**TRY IT:** In the records below, tally every line containing "small". Report only the total.
== DATA EXCERPTS
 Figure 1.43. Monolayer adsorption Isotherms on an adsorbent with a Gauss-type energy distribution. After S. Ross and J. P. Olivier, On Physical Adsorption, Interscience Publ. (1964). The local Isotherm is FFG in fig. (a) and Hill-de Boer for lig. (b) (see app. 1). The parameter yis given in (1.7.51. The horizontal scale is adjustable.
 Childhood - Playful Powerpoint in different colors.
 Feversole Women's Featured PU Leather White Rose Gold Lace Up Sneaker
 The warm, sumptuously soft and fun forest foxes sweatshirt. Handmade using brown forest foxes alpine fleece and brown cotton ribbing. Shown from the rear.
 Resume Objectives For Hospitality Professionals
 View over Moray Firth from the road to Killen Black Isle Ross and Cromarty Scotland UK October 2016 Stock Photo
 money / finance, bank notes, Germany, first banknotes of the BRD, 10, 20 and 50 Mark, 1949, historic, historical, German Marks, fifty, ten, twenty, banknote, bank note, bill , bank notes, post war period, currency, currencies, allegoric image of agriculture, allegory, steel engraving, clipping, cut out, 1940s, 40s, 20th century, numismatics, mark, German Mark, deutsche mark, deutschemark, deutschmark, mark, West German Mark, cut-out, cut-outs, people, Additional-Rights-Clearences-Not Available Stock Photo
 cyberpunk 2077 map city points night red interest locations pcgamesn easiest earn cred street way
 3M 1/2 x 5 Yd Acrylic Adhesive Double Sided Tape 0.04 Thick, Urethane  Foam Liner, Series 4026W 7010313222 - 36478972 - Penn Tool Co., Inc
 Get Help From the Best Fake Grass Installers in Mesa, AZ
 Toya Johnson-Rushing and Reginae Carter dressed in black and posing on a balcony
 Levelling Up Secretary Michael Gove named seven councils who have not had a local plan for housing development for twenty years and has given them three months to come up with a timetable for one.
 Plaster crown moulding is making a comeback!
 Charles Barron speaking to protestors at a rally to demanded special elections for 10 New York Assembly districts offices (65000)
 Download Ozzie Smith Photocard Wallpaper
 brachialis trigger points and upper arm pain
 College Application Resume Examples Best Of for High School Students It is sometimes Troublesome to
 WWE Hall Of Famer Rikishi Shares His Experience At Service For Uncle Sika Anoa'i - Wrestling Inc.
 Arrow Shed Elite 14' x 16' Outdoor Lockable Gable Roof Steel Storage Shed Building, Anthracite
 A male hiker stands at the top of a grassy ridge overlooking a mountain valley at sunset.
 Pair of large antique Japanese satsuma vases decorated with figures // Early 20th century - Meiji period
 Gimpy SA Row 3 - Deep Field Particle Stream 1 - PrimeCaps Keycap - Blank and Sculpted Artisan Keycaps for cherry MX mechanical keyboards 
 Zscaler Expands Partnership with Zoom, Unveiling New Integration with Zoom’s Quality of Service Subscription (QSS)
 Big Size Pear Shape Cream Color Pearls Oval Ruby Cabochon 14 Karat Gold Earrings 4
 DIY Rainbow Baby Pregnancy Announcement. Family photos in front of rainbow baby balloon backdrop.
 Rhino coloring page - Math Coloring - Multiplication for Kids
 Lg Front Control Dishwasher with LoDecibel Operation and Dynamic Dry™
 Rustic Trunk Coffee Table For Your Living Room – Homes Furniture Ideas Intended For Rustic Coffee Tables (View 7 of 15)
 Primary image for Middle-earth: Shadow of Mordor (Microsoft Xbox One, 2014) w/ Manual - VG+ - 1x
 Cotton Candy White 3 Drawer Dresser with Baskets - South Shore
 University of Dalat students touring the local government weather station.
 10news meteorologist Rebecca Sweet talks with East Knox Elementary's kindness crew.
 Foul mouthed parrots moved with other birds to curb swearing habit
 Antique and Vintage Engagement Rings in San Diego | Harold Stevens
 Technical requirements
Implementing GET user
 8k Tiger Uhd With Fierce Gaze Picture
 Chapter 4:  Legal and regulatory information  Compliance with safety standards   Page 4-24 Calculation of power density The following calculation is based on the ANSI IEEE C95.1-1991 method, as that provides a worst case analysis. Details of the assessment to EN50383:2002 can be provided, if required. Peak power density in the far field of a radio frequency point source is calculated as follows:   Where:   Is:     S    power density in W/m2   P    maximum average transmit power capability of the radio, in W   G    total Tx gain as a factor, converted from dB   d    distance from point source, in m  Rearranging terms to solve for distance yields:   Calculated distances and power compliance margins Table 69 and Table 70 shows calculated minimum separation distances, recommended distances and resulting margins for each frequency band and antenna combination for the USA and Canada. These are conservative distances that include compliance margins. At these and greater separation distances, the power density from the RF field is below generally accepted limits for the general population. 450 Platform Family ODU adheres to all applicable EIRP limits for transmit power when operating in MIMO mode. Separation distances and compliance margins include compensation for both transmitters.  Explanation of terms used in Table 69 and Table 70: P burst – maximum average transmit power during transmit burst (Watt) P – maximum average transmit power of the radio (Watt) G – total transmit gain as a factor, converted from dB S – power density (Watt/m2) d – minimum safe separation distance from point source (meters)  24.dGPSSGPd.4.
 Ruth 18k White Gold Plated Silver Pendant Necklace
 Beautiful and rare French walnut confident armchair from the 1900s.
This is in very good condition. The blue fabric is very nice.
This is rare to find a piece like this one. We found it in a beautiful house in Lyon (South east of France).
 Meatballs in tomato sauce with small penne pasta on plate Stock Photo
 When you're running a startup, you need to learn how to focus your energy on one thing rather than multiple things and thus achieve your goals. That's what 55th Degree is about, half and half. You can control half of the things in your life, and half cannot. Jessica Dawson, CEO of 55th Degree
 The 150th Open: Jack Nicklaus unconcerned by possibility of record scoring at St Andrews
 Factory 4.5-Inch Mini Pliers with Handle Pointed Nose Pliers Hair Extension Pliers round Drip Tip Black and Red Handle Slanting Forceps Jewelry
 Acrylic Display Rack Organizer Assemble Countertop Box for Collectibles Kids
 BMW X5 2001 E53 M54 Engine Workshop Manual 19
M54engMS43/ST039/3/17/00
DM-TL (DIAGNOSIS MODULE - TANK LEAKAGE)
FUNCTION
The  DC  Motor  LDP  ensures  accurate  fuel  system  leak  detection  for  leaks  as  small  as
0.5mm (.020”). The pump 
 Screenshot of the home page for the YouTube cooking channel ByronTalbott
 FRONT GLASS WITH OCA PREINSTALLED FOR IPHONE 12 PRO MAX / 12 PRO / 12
====
**SOLUTION:** 2